Senior Site Reliability Engineer (SRE)
Company
Authlete Inc
Date Posted
23-10-2025
Location
Remote
We’re a globally distributed team building a secure, standards-based OAuth/OIDC engine used by global businesses, digital banks, and regulated industries. Our API-first approach enables organizations to implement OAuth 2.0 and OpenID Connect with ease. Authlete powers mission-critical authorization services for financial institutions and enterprises worldwide.
We’re hiring a Senior Site Reliability Engineer (SRE) to strengthen the reliability, scalability, and performance of our cloud and self-managed offerings. You’ll work closely with our platform engineering and security teams to design and operate robust systems that deliver high availability across multiple environments.
What You’ll Do
This is a hands-on engineering role. You’ll:
- Design, maintain, and optimize Kubernetes-based deployments across Shared Cloud, Dedicated Cloud, and Self-Managed deployment models.
- Develop and improve Helm charts as the standard deployment method across all supported environments.
- Manage and automate GitLab CI/CD pipelines, including container image packaging, and release processes.
- Enhance monitoring, alerting, and observability using Google Cloud Monitoring, Prometheus, and Grafana.
- Review and improve cloud functions and internal tooling written in Go, Ruby, and Bash.
- Troubleshoot infrastructure issues and performance bottlenecks.
- Contribute to product reliability by investigating and resolving issues in our Java-based servers.
- Participate in on-call rotations to maintain uptime and rapid incident response.
- Lead post-incident reviews and drive long-term reliability improvements.
- Collaborate with Engineering and Support teams to diagnose customer issues and optimize service quality.
What We’re Looking For
- Strong experience operating Kubernetes in production (preferably on GKE).
- Deep understanding of Kubernetes networking, security, Helm charts, and storage management.
- Proficiency in one or more programming languages such as Go, Java, Bash, or Ruby.
- Experience managing GitLab CI/CD pipelines and container image workflows.
- Ability to write PromQL alerting rules and interpret key reliability metrics.
- Familiarity with Redis, Liquibase, and TLS/mTLS certificate management.
- Strong analytical skills for diagnosing performance bottlenecks across network, cache, and database layers.
- Experience with observability, incident management, and performance testing.
- Clear communication skills in English; Japanese language proficiency is a plus.

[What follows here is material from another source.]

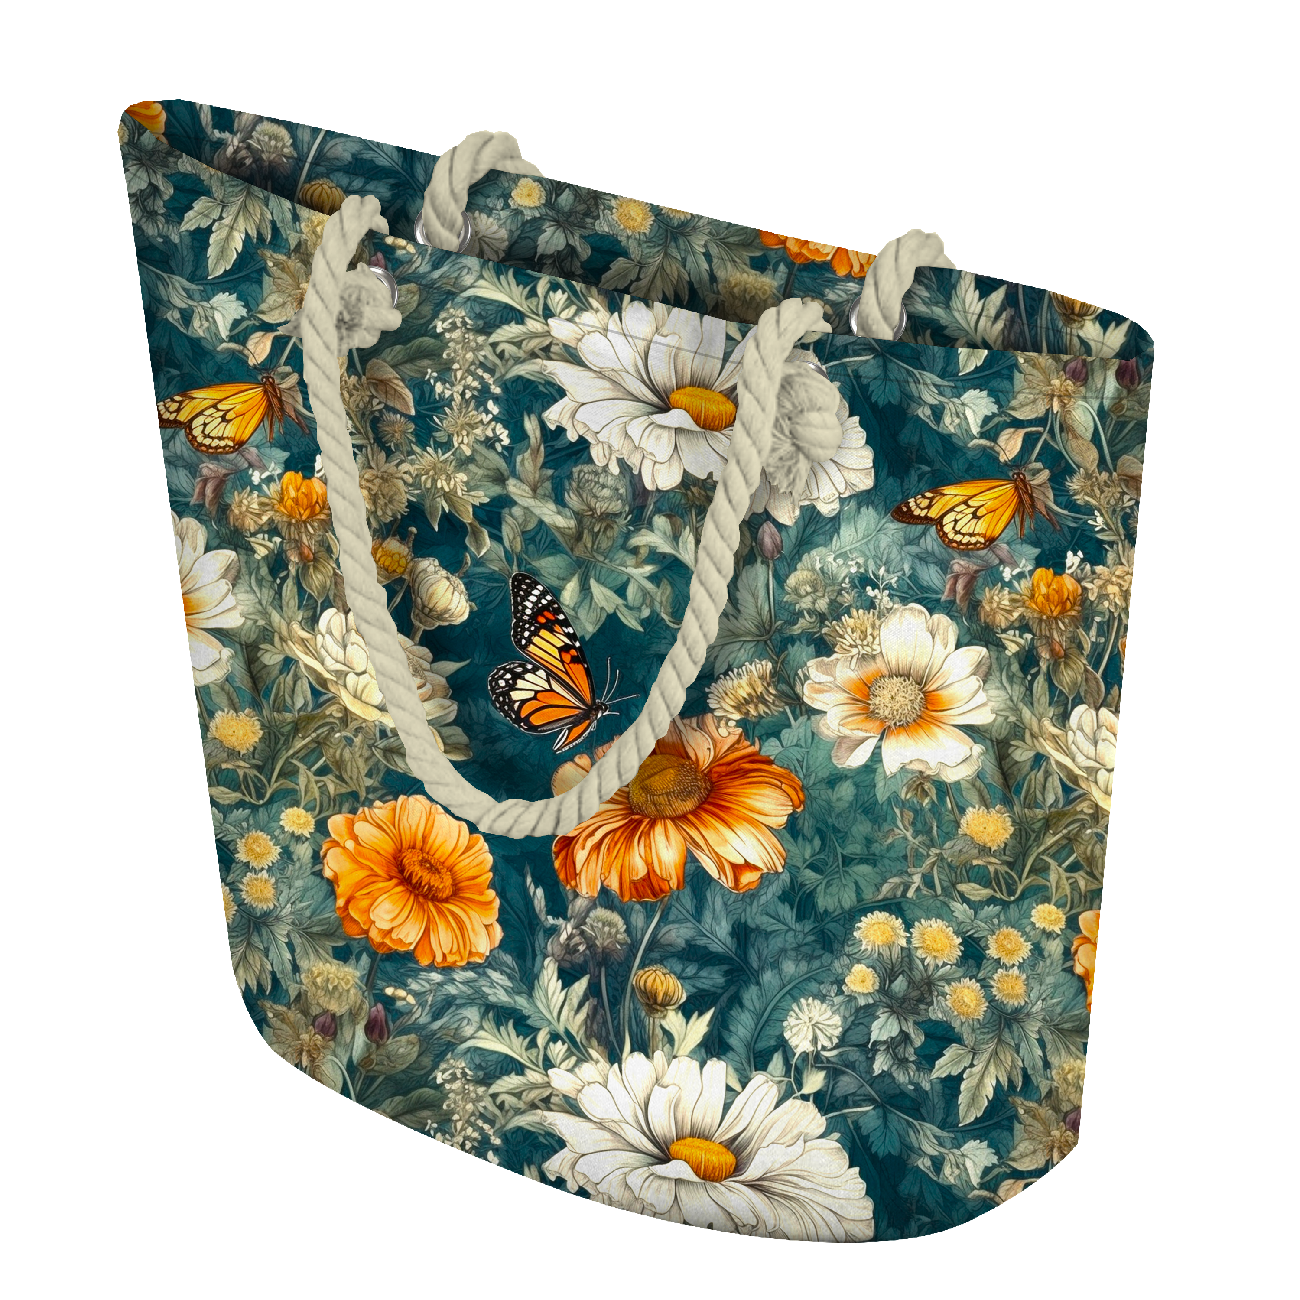 Butterfly & Flowers wz.1 - Waterproof woven fabric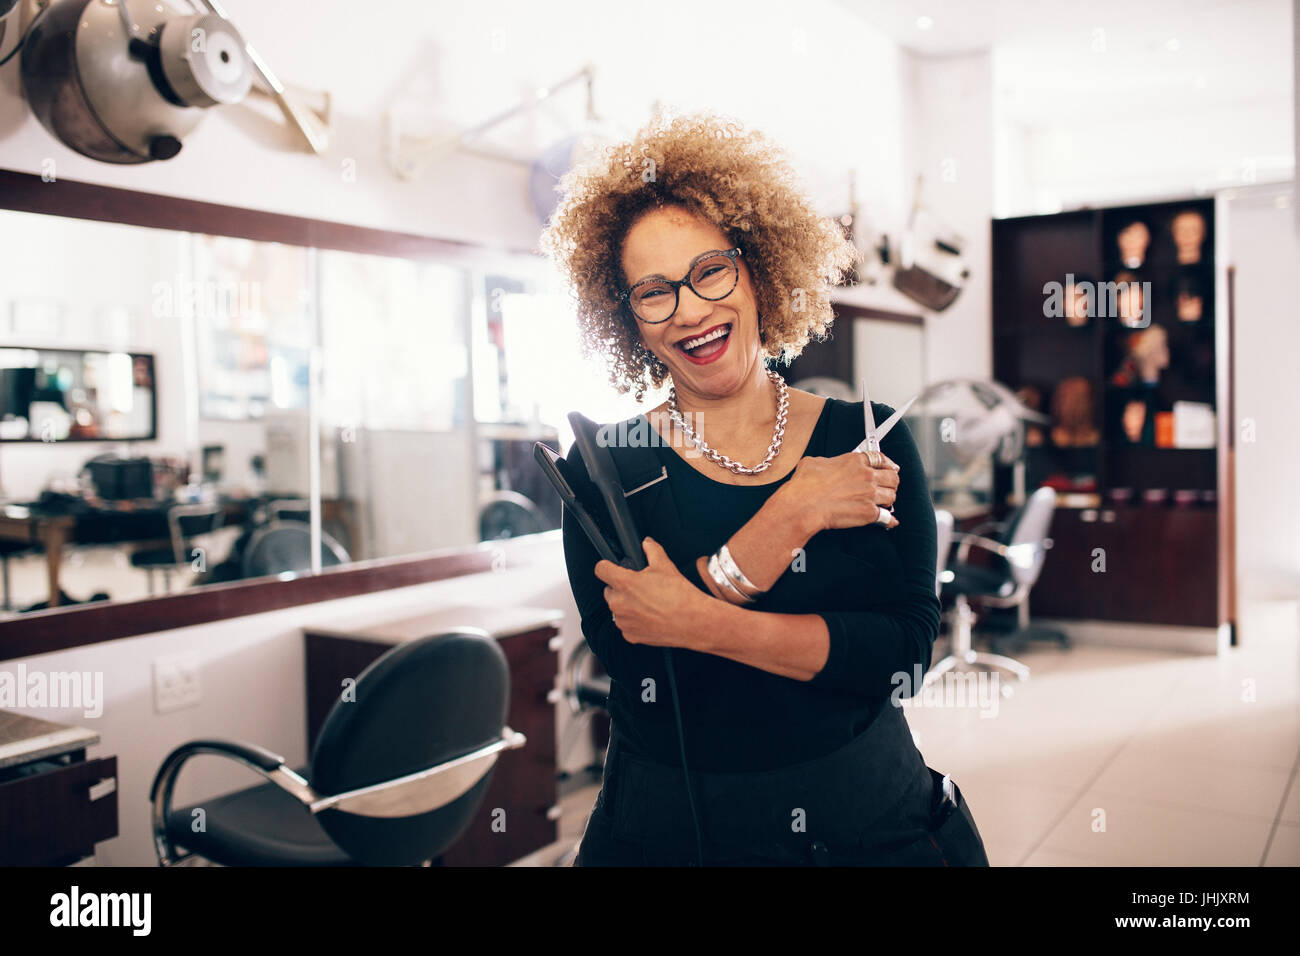 Lächelnde Frauen Friseur hält einen Haarglätter und Schere. Beauty-Salon mit professionellen Friseur gut ausgestattet. Stockfoto

- Comfortable working independently in a distributed team across time zones.
Why Join Us
- Work closely with experienced engineers building a high-security, standards-compliant OAuth/OIDC engine.
- Solve complex reliability challenges across multi-cloud and self-managed environments.
- Be part of a lean global team where your contributions have direct product impact.
- Enjoy flexibility, autonomy, and the opportunity to shape infrastructure best practices.
- Competitive compensation, global collaboration, and meaningful technical challenges.